In closing statements, prosecutors also accused Memorial of “creating a false image of the USSR as a terrorist state” and said the group “whitewashes and rehabilitates Nazi criminals.”
During a recent meeting with the Presidential Human Rights Council, Vladimir Putin responded to a question about the federal case against International Memorial by pointing out that the group accidentally listed three Nazi combatants among the victims of the Stalinist Terror. Memorial’s executives say the group’s shortage of resources makes such errors possible, and researchers do their best to correct any inaccuracies as quickly as possible.
Memorial’s attorneys deny the Attorney General’s allegations, insisting that there are no legal grounds for the dissolution order. After the verdict was announced on Tuesday, defense lawyers vowed to appeal the decision and to turn to the European Court of Human Rights, if necessary.

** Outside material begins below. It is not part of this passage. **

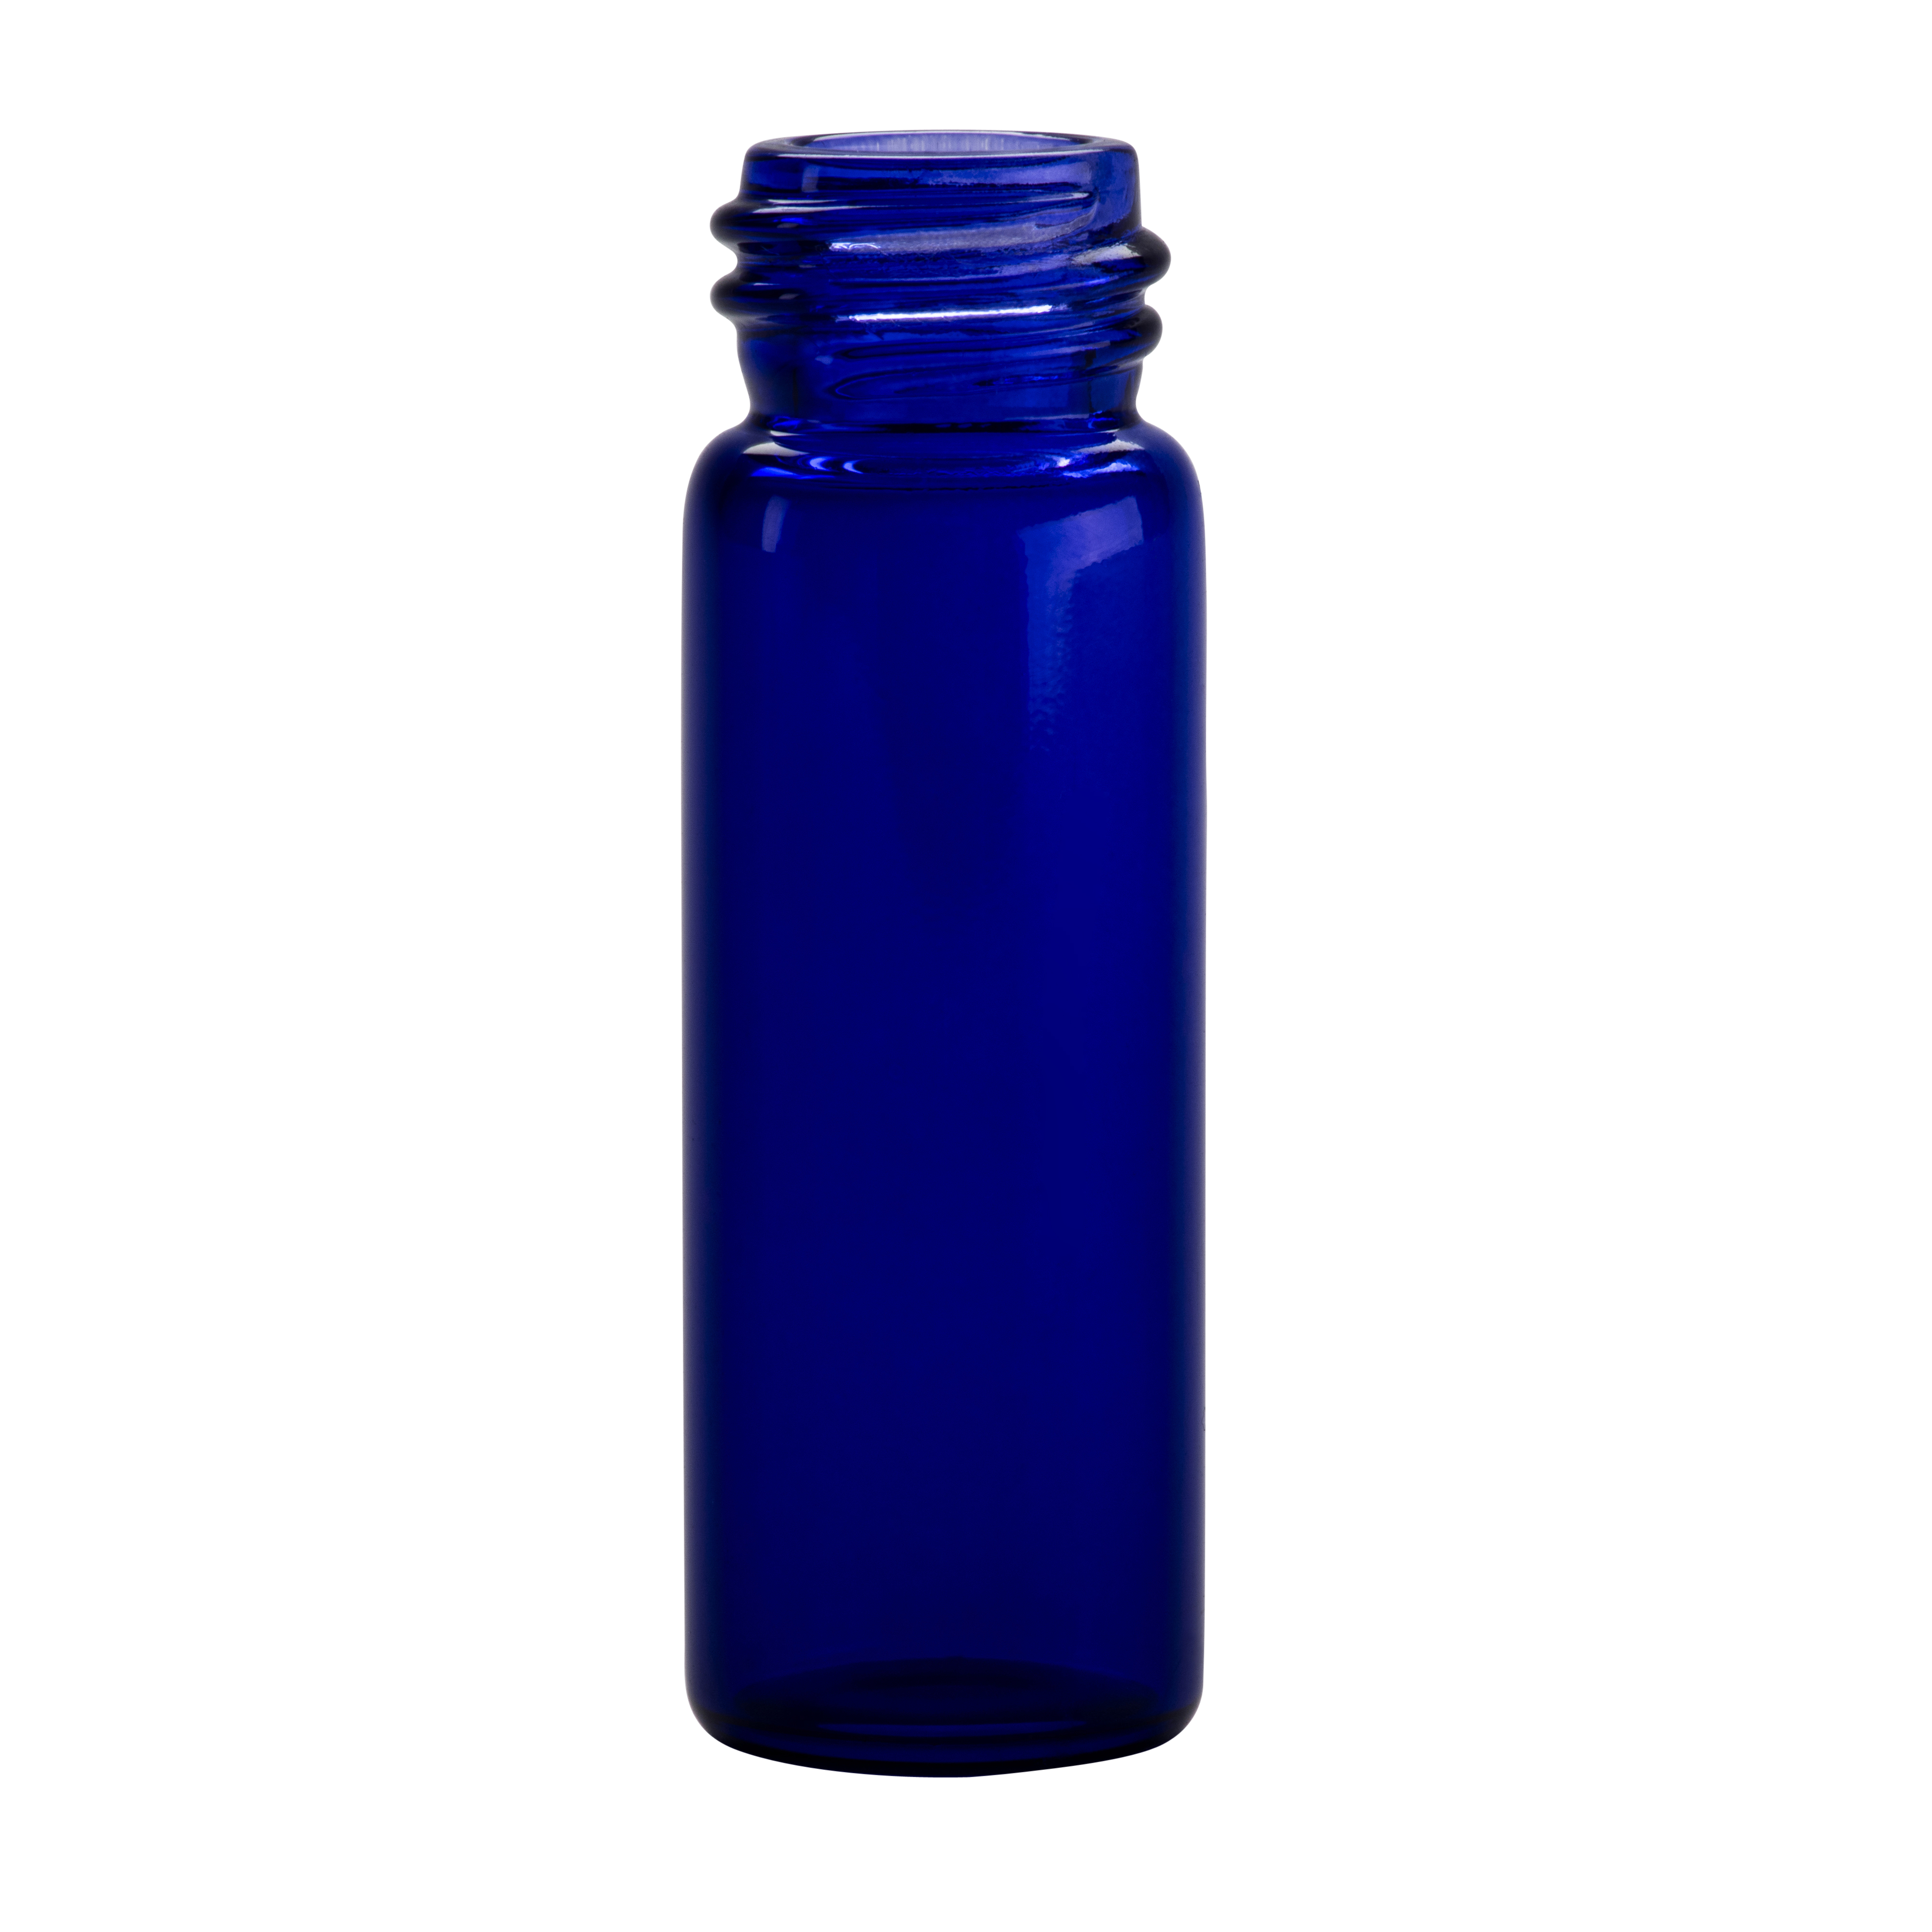 Blue bottle container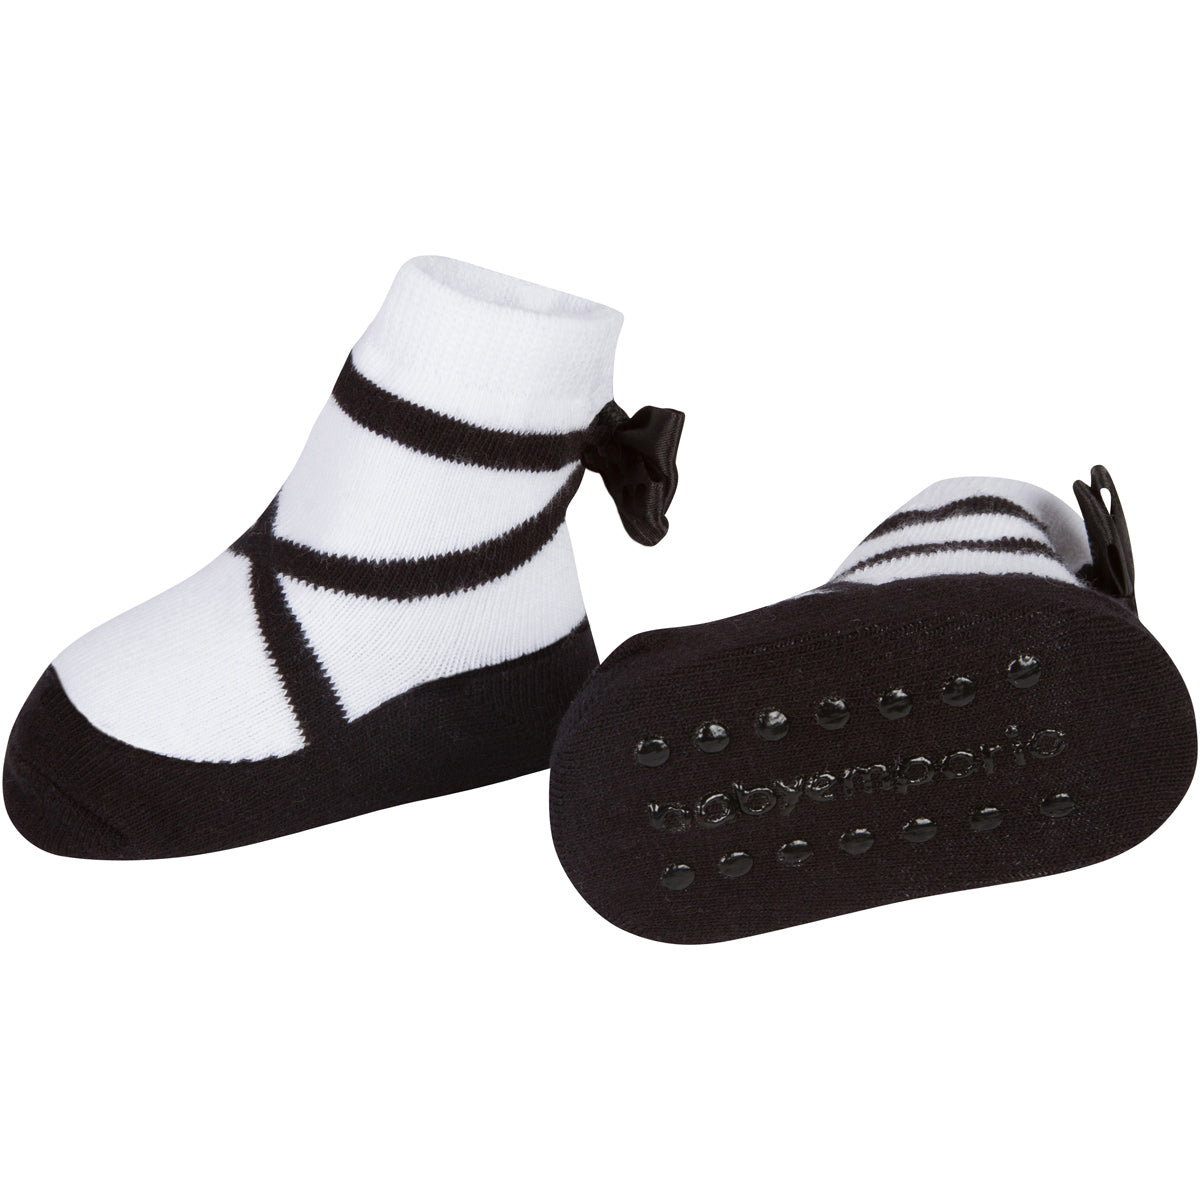  Baby Emporio toddler girl ballerina socks with nearly invisible anti-slip soles matching the socks black sole color

The Moscow City Court is scheduled to hear a similar lawsuit against Memorial’s human rights branch tomorrow, on December 29.
In recent weeks, dozens of organizations from across Russia and around the world, as well as politicians, scientists, and cultural figures, have expressed their support for Memorial. The group’s defenders include former Soviet leader Mikhail Gorbachev and Nobel Peace Prize laureate and Novaya Gazeta editor-in-chief Dmitry Muratov.